— EXERCISE AIM —
Which lines of the data hold the word "Demokratischen"? Copy all of them.

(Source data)
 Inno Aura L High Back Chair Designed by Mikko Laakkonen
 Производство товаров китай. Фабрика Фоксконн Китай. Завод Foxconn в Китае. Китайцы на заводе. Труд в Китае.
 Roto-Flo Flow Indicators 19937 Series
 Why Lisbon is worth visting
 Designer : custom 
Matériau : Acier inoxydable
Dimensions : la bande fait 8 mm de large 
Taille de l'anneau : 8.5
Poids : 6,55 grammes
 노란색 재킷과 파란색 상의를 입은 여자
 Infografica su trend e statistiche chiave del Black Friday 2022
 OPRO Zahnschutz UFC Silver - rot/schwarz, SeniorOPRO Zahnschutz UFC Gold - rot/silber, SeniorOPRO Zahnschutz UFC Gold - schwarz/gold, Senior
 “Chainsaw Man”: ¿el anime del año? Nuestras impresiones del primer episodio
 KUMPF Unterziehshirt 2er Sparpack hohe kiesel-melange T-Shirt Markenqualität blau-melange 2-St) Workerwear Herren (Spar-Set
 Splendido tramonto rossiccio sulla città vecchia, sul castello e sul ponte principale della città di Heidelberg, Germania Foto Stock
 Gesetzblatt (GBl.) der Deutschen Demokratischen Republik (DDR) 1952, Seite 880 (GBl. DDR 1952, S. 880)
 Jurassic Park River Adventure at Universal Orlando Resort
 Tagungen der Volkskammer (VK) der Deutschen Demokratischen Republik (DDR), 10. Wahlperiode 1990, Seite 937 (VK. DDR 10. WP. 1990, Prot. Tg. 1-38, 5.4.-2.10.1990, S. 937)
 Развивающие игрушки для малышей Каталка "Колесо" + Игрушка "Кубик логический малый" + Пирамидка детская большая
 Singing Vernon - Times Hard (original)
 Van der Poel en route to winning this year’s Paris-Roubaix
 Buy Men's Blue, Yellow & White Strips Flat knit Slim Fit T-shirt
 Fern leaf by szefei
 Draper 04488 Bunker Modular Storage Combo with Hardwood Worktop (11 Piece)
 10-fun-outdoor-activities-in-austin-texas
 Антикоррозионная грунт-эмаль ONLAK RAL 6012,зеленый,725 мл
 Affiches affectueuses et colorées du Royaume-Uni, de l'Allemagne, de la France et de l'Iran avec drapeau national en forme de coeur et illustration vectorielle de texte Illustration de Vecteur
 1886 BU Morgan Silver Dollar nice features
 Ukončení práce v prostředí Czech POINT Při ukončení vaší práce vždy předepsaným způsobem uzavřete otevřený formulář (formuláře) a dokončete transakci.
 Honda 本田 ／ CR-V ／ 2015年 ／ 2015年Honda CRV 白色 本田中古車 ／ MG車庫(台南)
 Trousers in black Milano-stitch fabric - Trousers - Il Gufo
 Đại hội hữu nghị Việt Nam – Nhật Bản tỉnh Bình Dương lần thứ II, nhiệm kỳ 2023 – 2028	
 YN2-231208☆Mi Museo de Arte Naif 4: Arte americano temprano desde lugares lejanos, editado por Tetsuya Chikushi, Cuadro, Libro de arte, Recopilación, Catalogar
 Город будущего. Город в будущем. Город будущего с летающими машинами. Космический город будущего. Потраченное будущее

— RESPONSE TO THE EXERCISE —
 Gesetzblatt (GBl.) der Deutschen Demokratischen Republik (DDR) 1952, Seite 880 (GBl. DDR 1952, S. 880)
 Tagungen der Volkskammer (VK) der Deutschen Demokratischen Republik (DDR), 10. Wahlperiode 1990, Seite 937 (VK. DDR 10. WP. 1990, Prot. Tg. 1-38, 5.4.-2.10.1990, S. 937)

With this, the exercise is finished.